### Work required
Each line below is to be repeated exactly; any picture is to be left out.

BEGIN Stored data

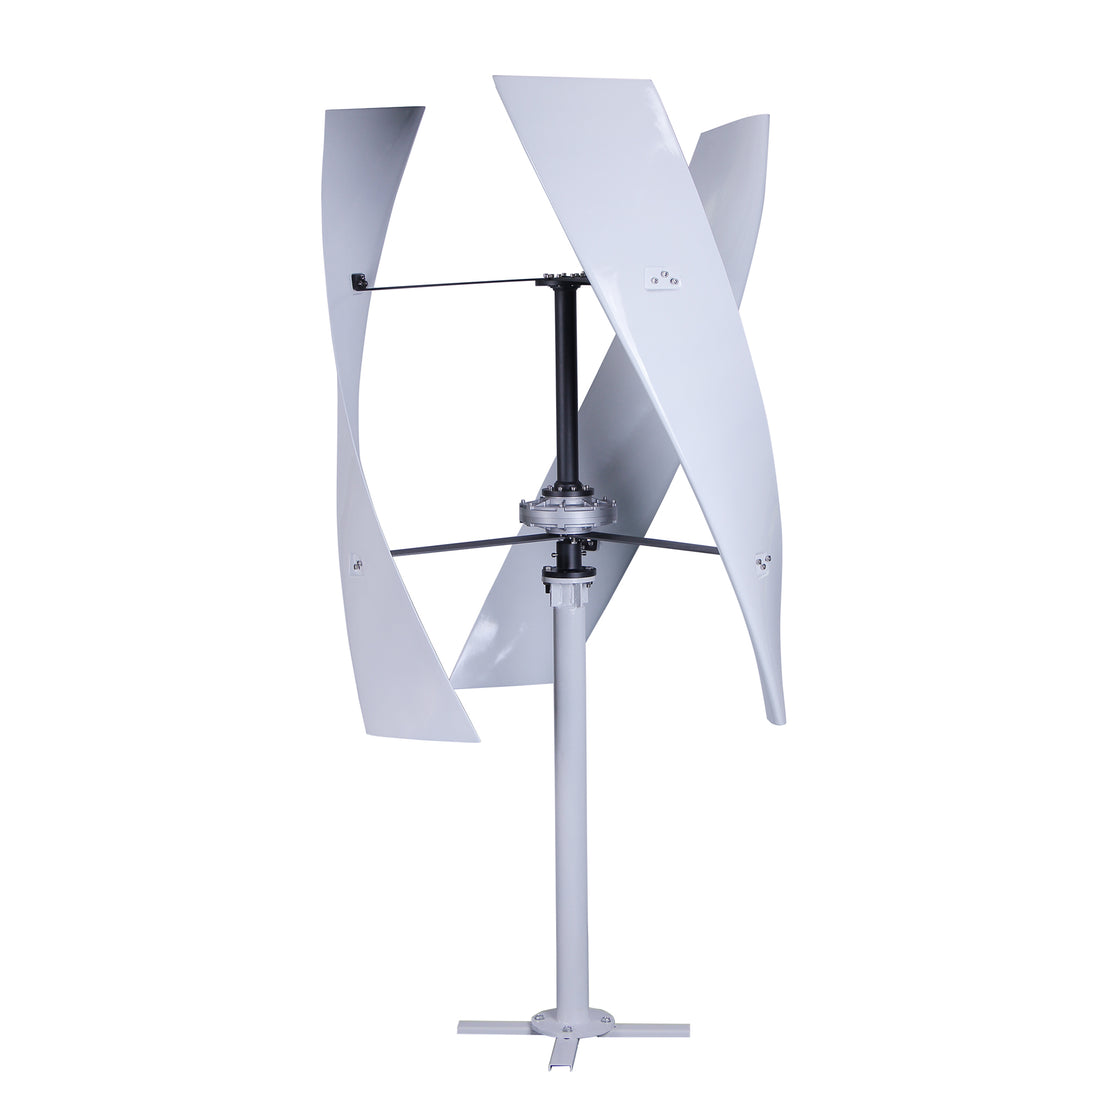 600W Wind Turbines Type X Vertical Axis
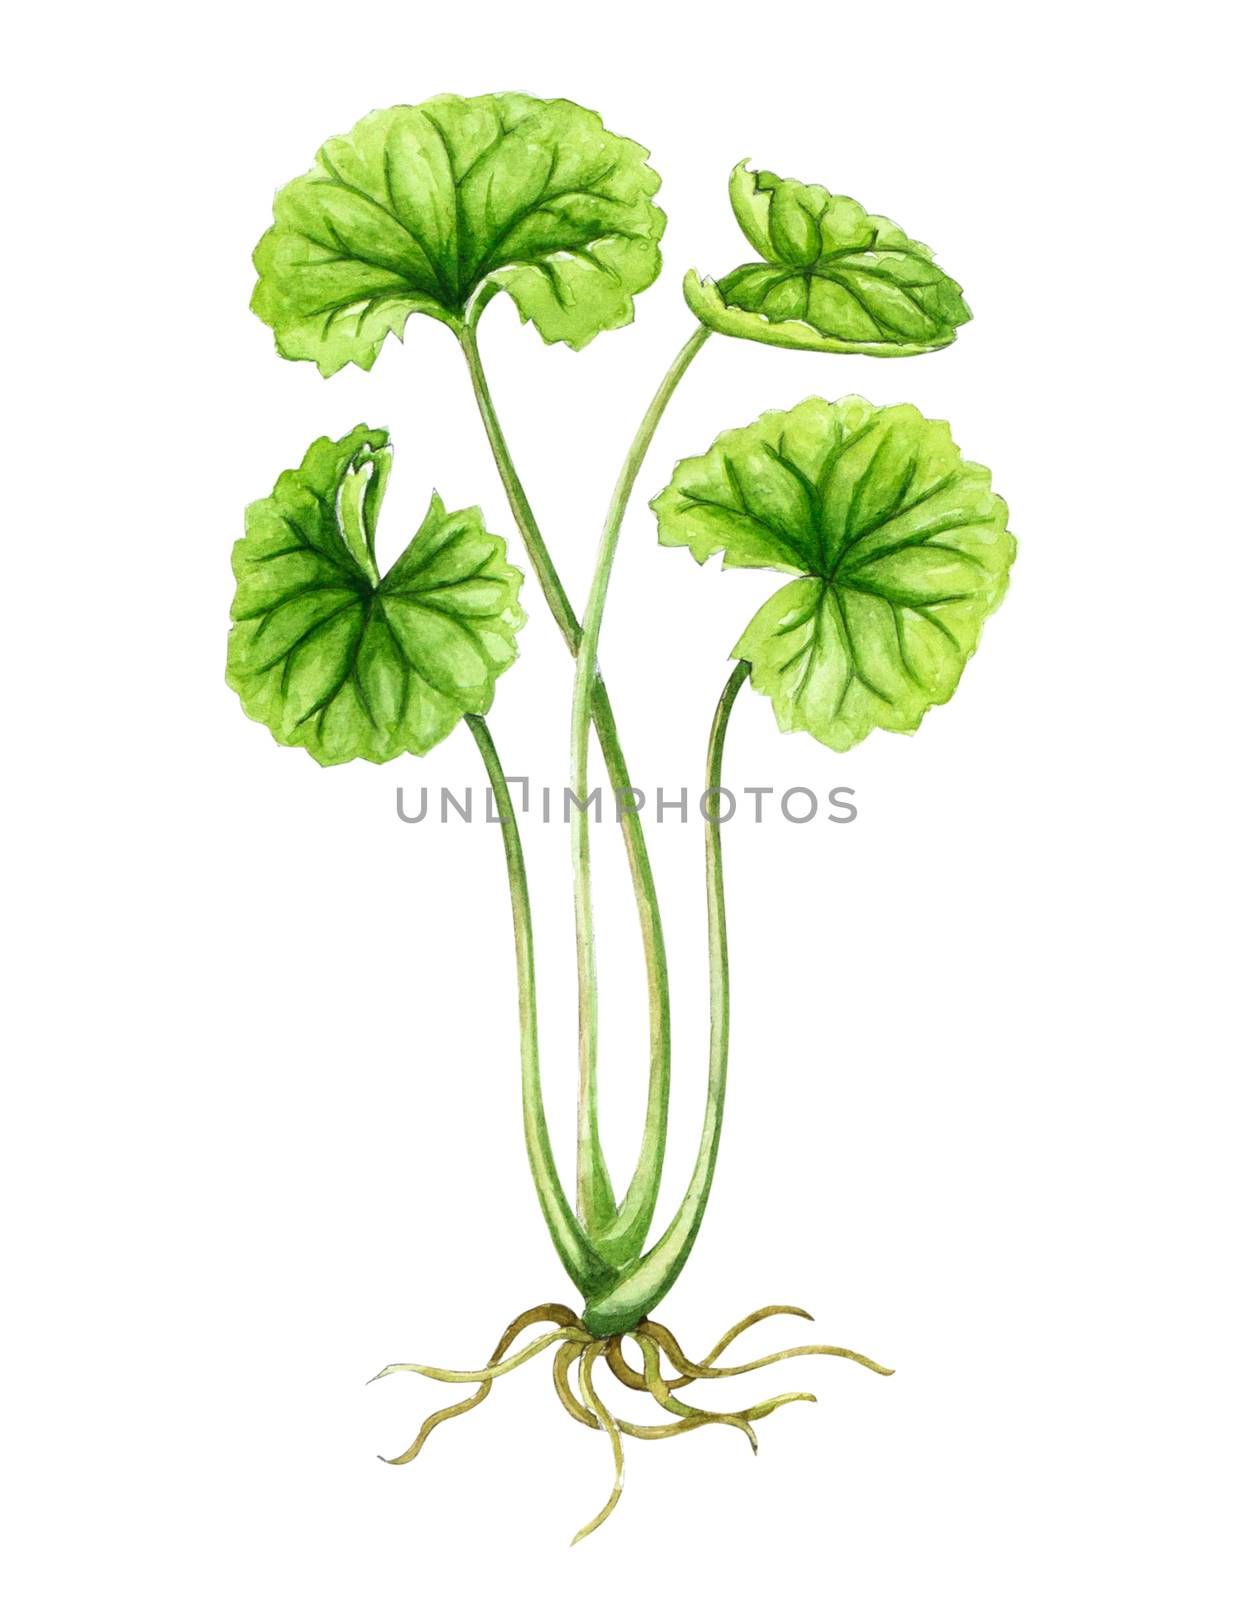 Gotu kola leaf watercolor illustration on white background, heal by pt.pongsak@gmail.com
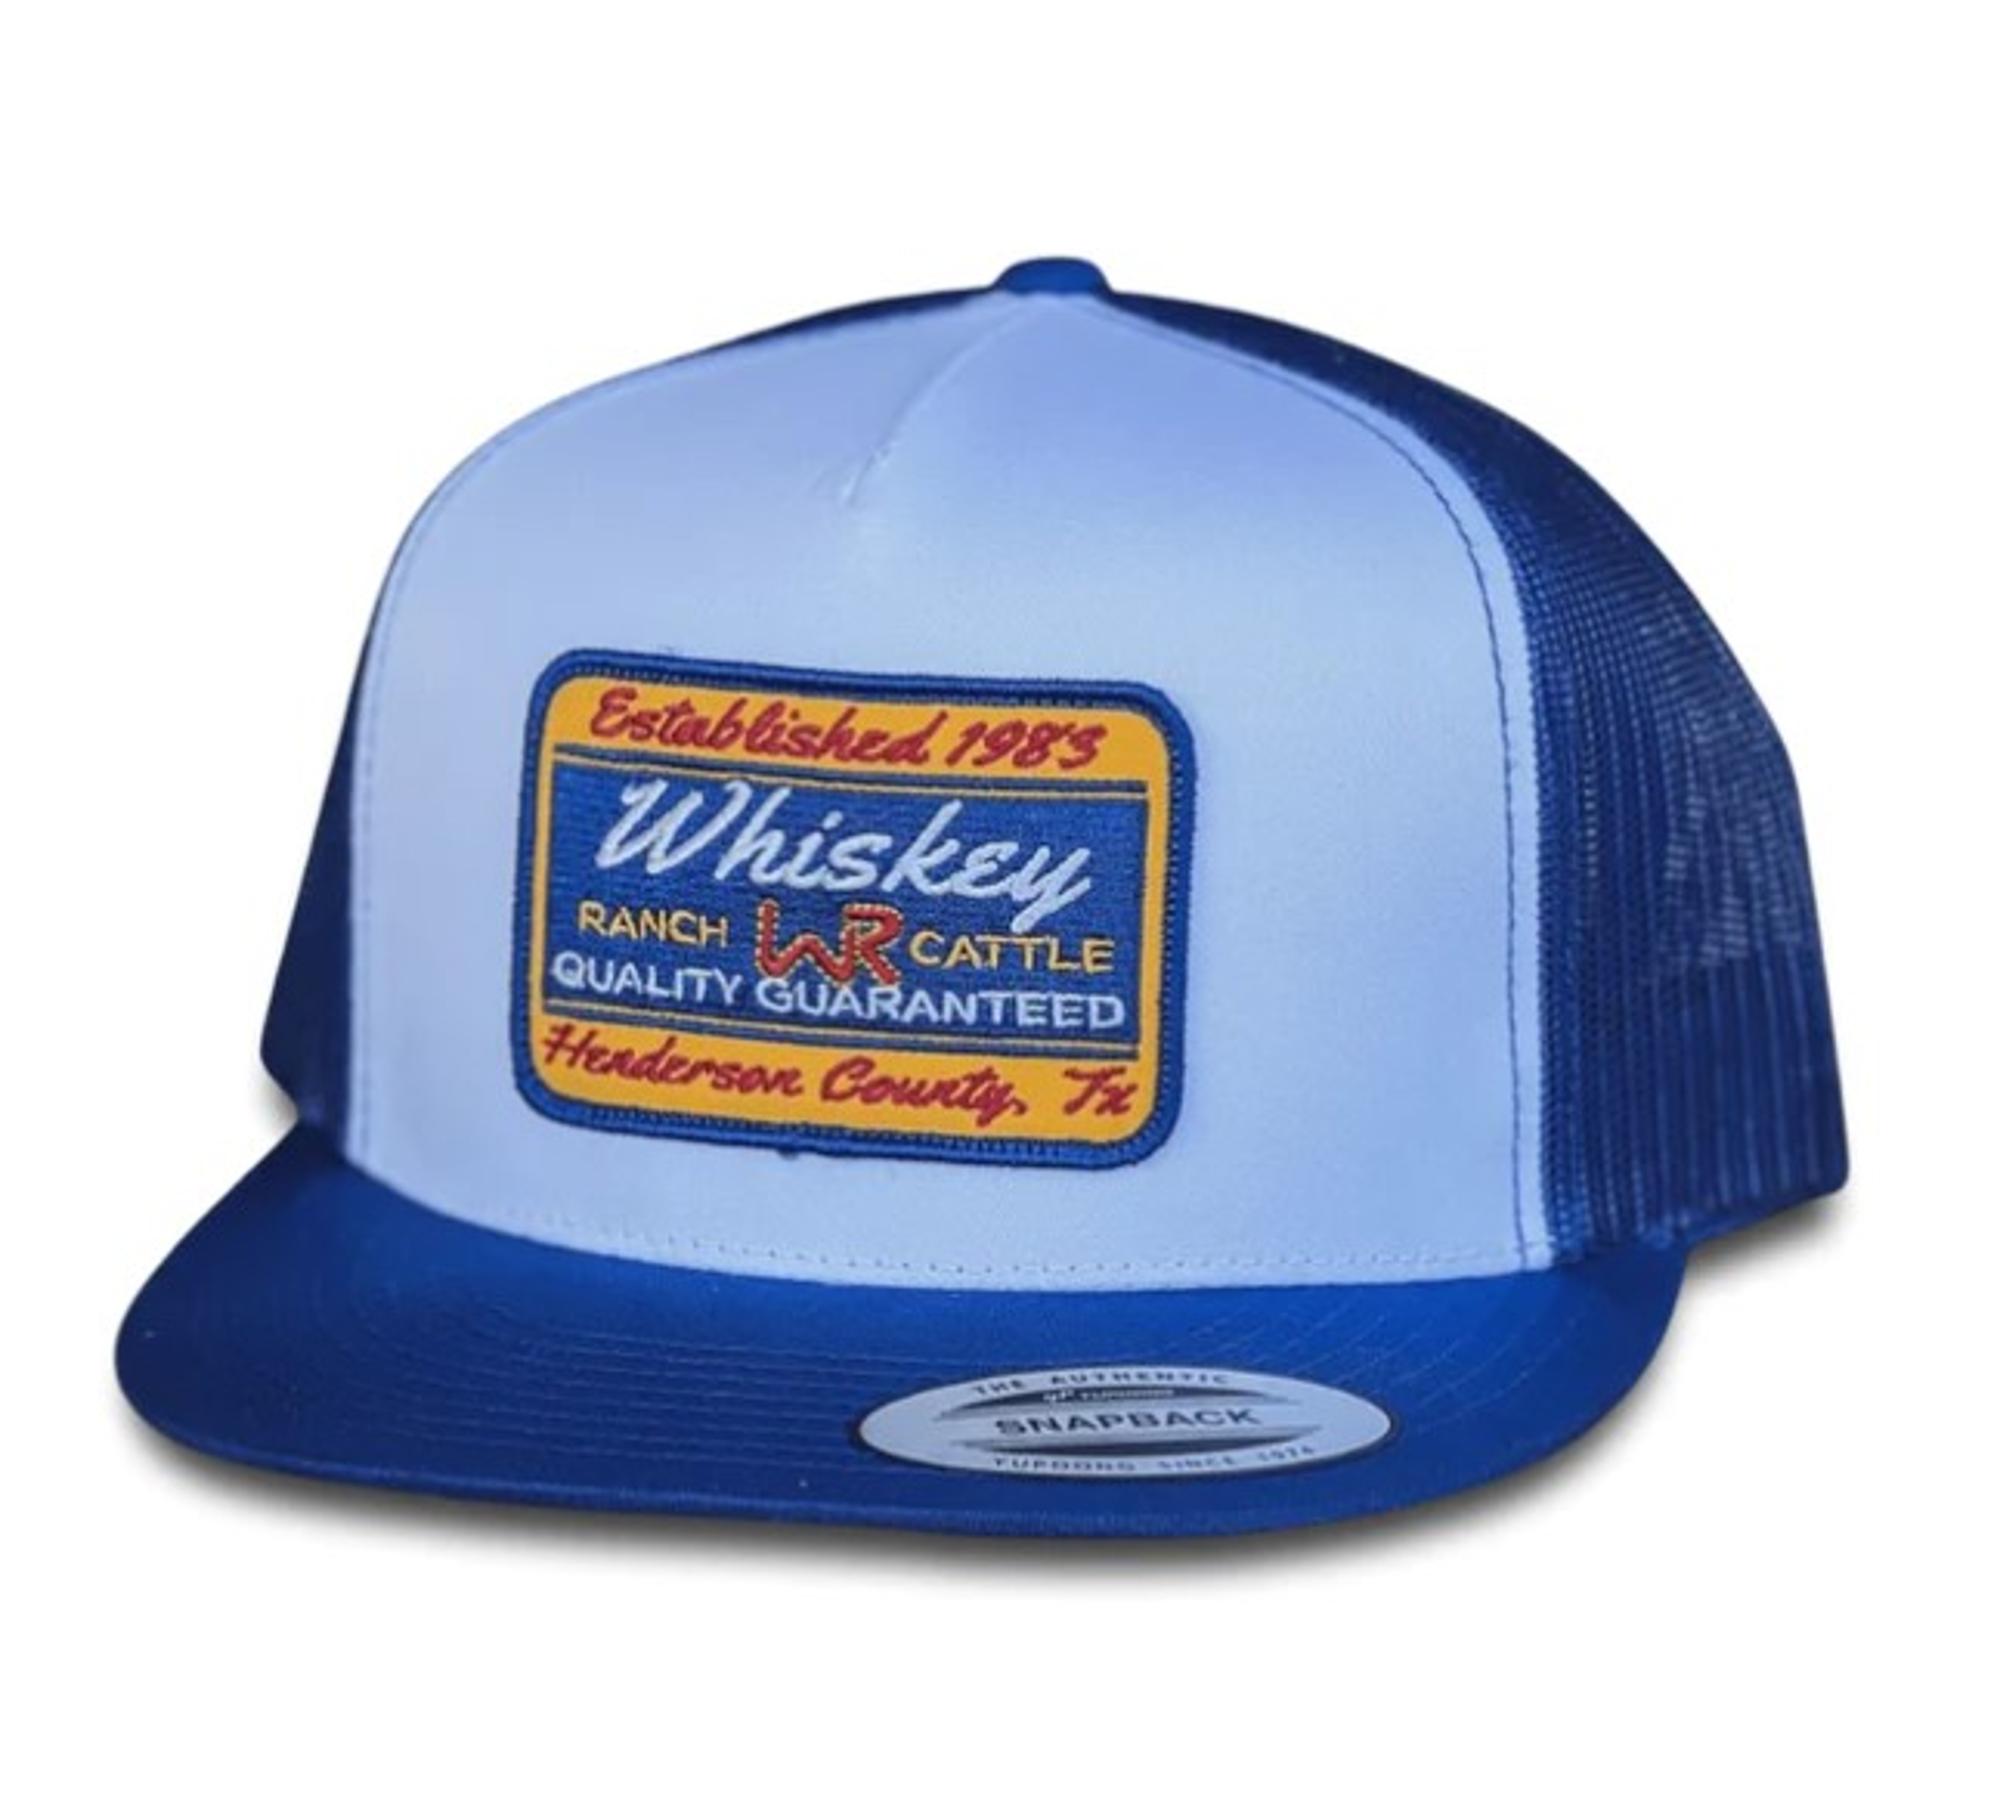 Henderson Trucker Hat

END Stored data

### Response to this exercise
 600W Wind Turbines Type X Vertical Axis
 Gotu kola leaf watercolor illustration on white background, heal by pt.pongsak@gmail.com
 Henderson Trucker Hat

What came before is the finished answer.